Methods: The enrolled 272 patients with solitary lesions in the liver were divided into three age groups, younger group (under 50 years), middle-aged group (50-69 years), and elderly group (70 years and above). Patients' ages were compared, and the optimal cut-offs of the standard uptake value (SUV) ratio (tumor-to-non-tumor ratio of the SUV), as well as areas under the curves (AUC), were evaluated in terms of malignant and benign lesions in each age group by using receiver operating characteristic (ROC) analysis. Based on optimal cut-offs, the sensitivity, specificity, accuracy were calculated, and the diagnostic accordance rate was compared between each age group and all patients, supported by 18FDG PET/CT imaging data.
Results: There was a significant age difference between the malignant and benign groups (t=3.905 p=0.0001). ROC analysis showed that the optimal cut-off value in all patients, younger group, middle-aged group and elderly group was 1.25, 1.17, 1.45 and 1.25 for SUVratio, and 0.856, 0.962, 0.650, 0.973 for AUC. The chi-square test proved that diagnostic accordance rate of 18FDG PET/CT in younger group and elderly group were superior to that in all patients (χ2=13.352, P=0.0003) and (χ2=8.494, P=0.0036).
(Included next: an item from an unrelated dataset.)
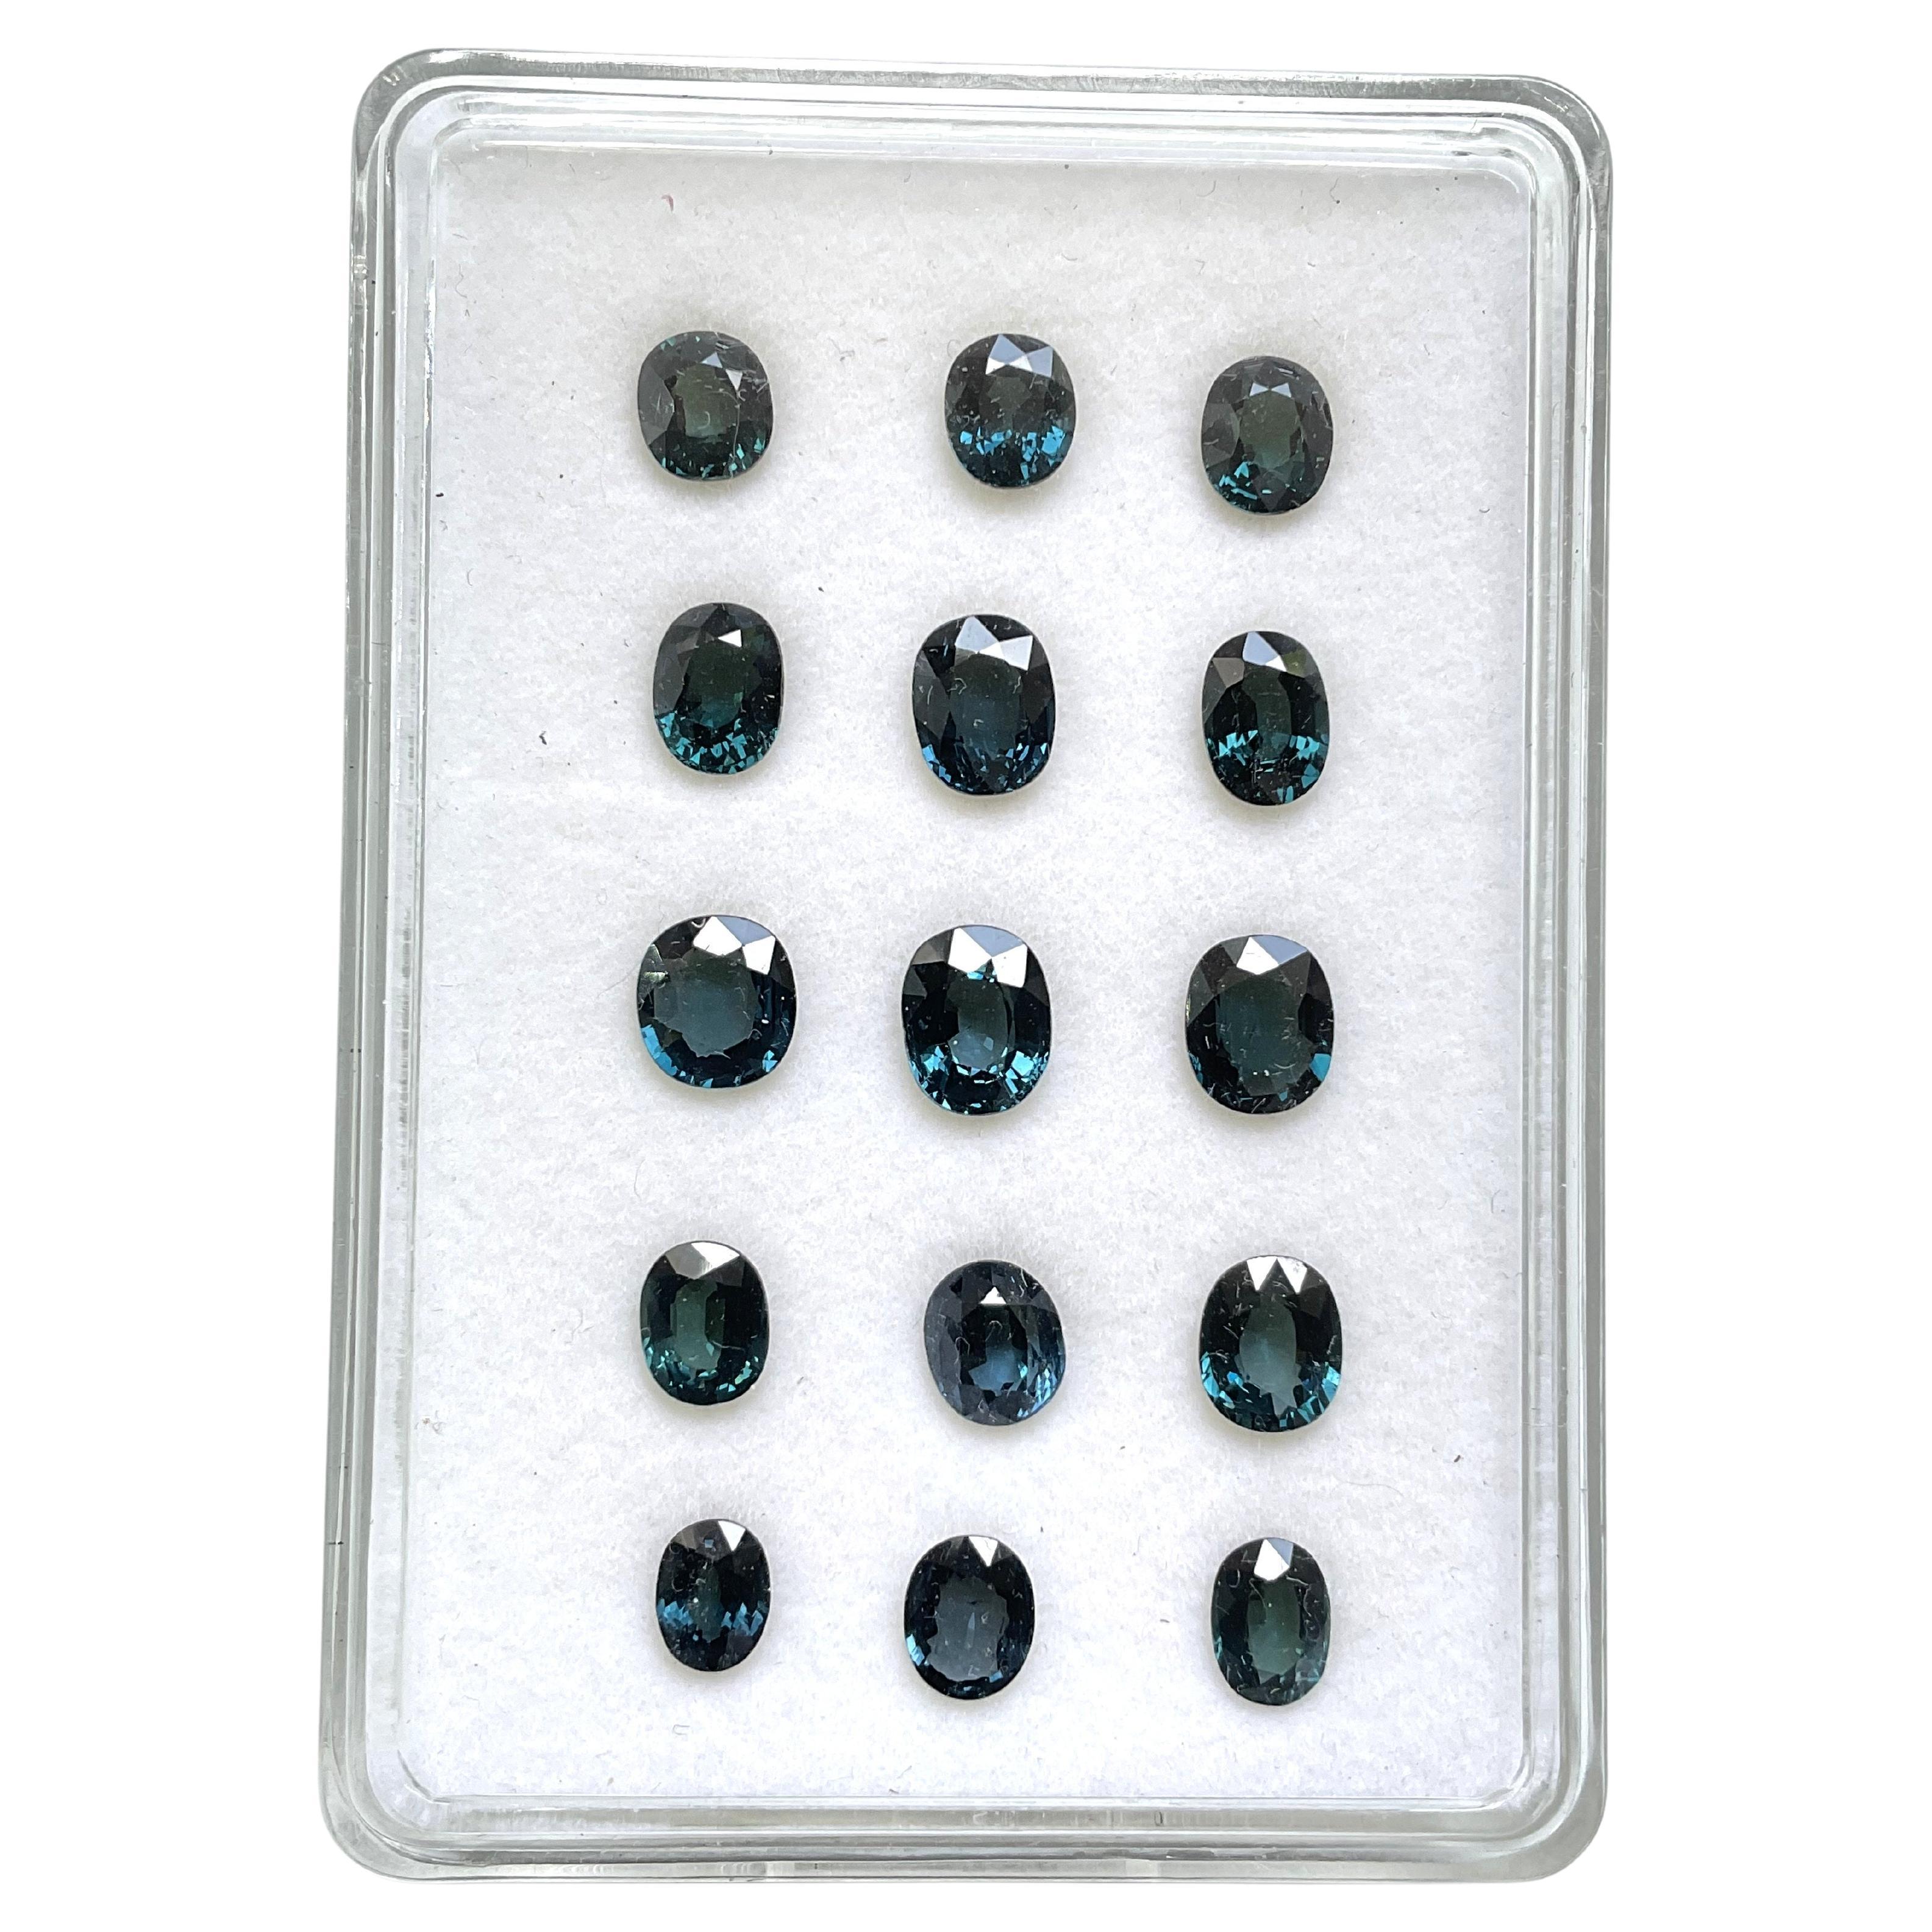 24.30 Carat Blue Spinel Tanzania Oval Faceted Natural Cut stone Fine Jewelry Gem For Sale

Conversely, overall diagnostic accordance rate in all patient group was higher than that in middle-aged group (χ2=9.057, P=0.0026). Representative 18FDG PET/CT imaging findings are demonstrated.
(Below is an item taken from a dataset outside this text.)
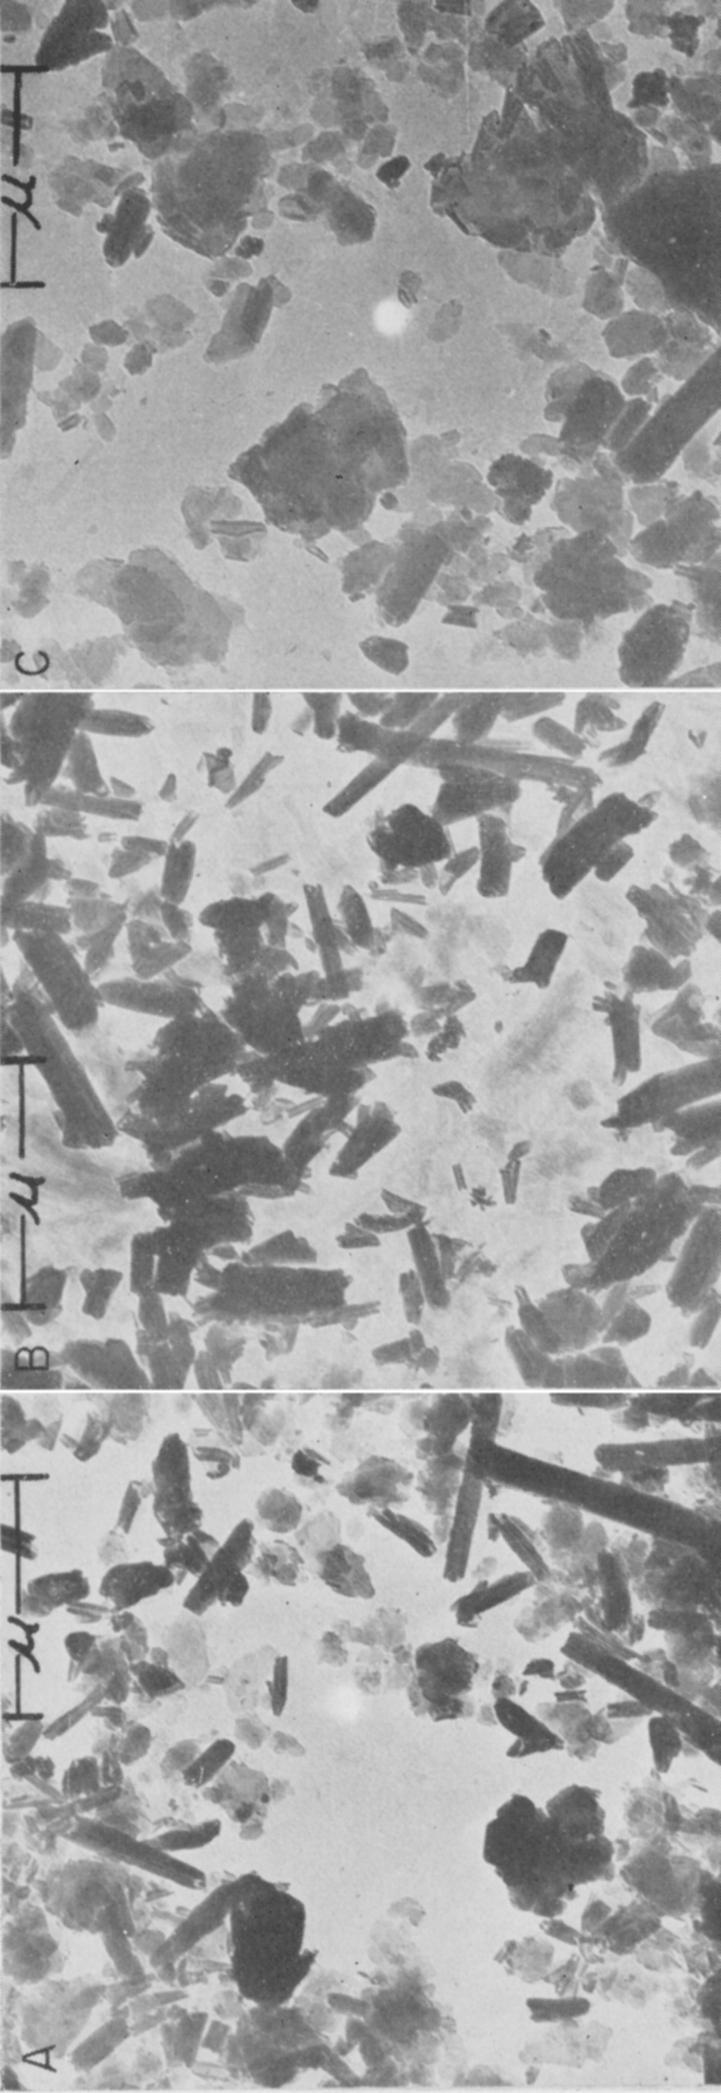 PLATE 1.--Electron micrographs. (A) transported (?

Conclusion: This study indicates that diagnostic optimal cut-offs of SUVratio of liver solitary lesions of 18FDG PET/CT were different in each age group. In addition, the diagnostic performance of SUVratio was better in younger and elderly groups than that in all patients, and was poorer in middle-aged group than that in all patients. Therefore, age difference appears to be one of the important factors for discriminating malignant liver lesions from benign ones using 18 FDG PET/CT.
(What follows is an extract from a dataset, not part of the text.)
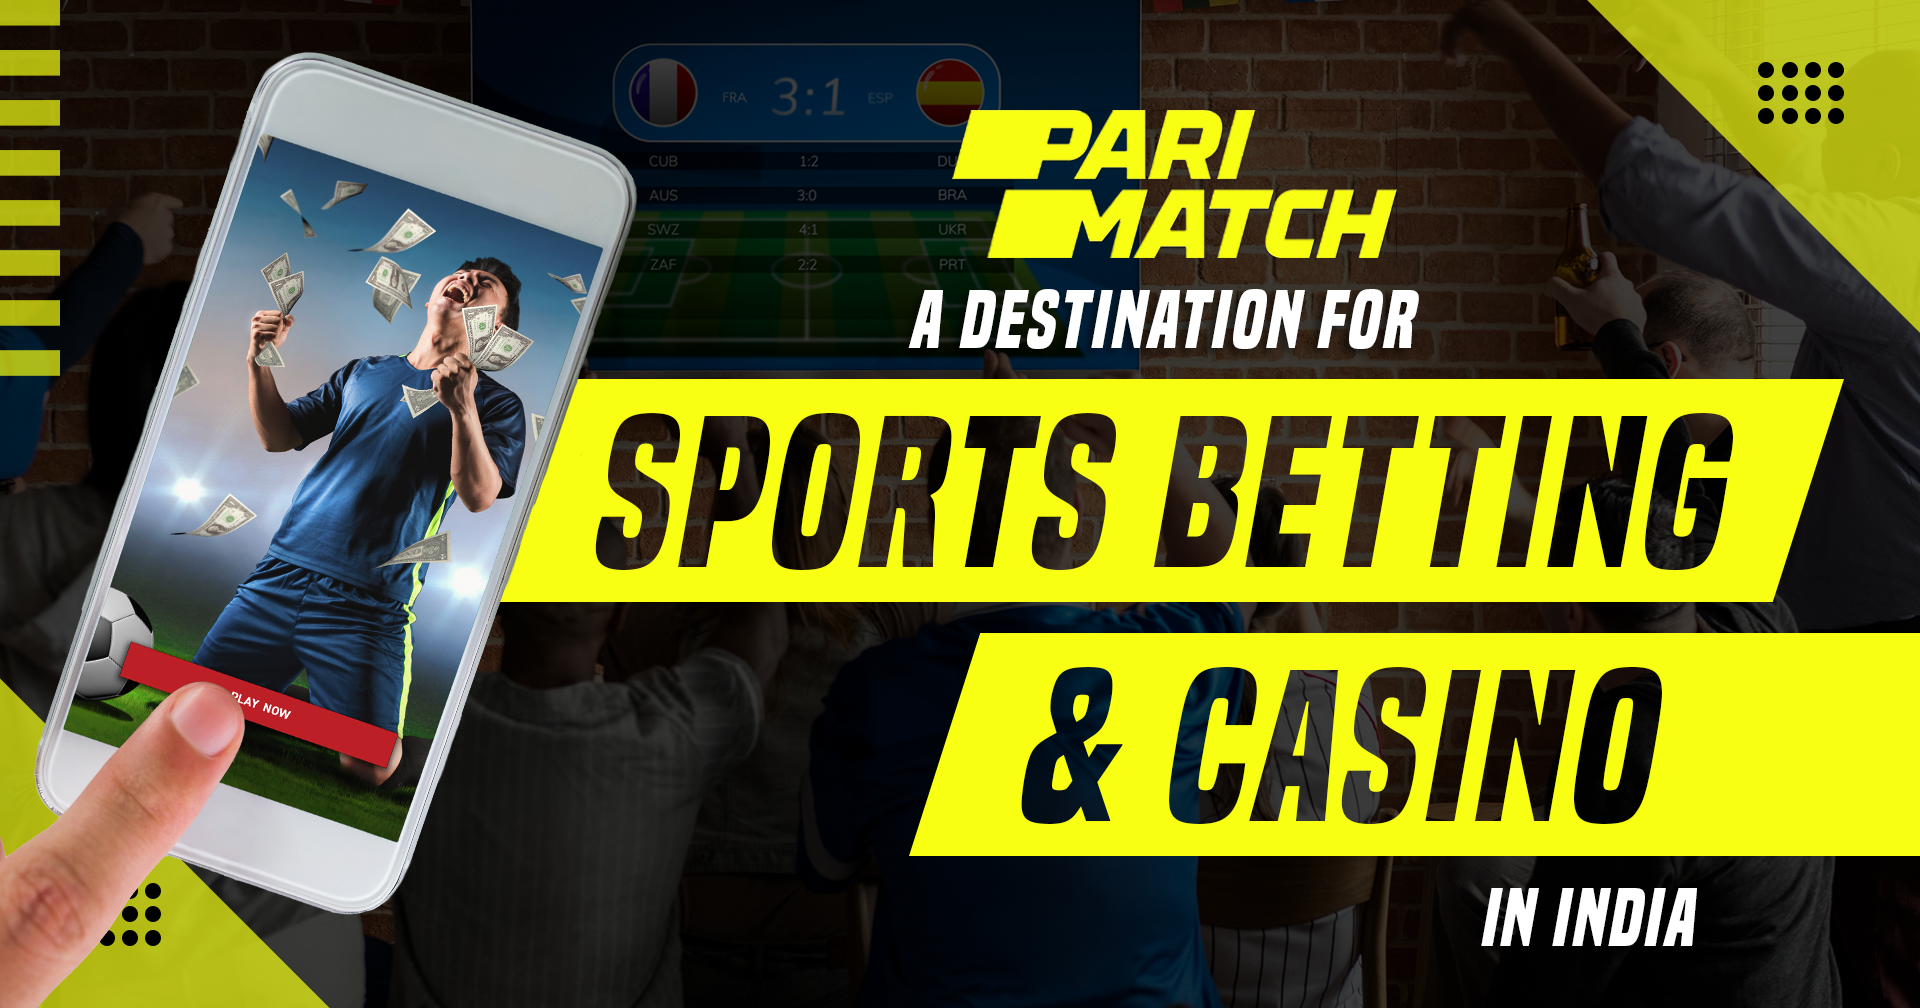 Parimatch – A Destination For Sports Betting And Casino In India - TIMES OF RISING

Keywords: Positron emission tomography/computed tomography (PET/CT), Standardized up take value (SUV), Solitary hepatic lesion, Age-related.
Introduction
Discrimination between a benign tumor and a malignant one in the liver is an essential clinical problem. The most commonly found benign tumors in the liver are cysts, cavernous hemangioma, focal nodular hyperplasia, adenoma, fatty infiltration and regenerative nodules, followed by less common lesions such as liver abscess and angiomyolipoma. In terms of liver malignancies, metastases from various primary lesions to the liver occur 20 times more often than primary hepatocellular carcinomas (HCCs) and are often multifocal. Although many tumors may metastasize to the liver, the most common primary malignant tumors producing liver metastases are colorectal, gastric, pancreatic, lung and breast carcinomas, and 90% of them as well as HCCs and cholangiocarcinoma originate from epithelial cells.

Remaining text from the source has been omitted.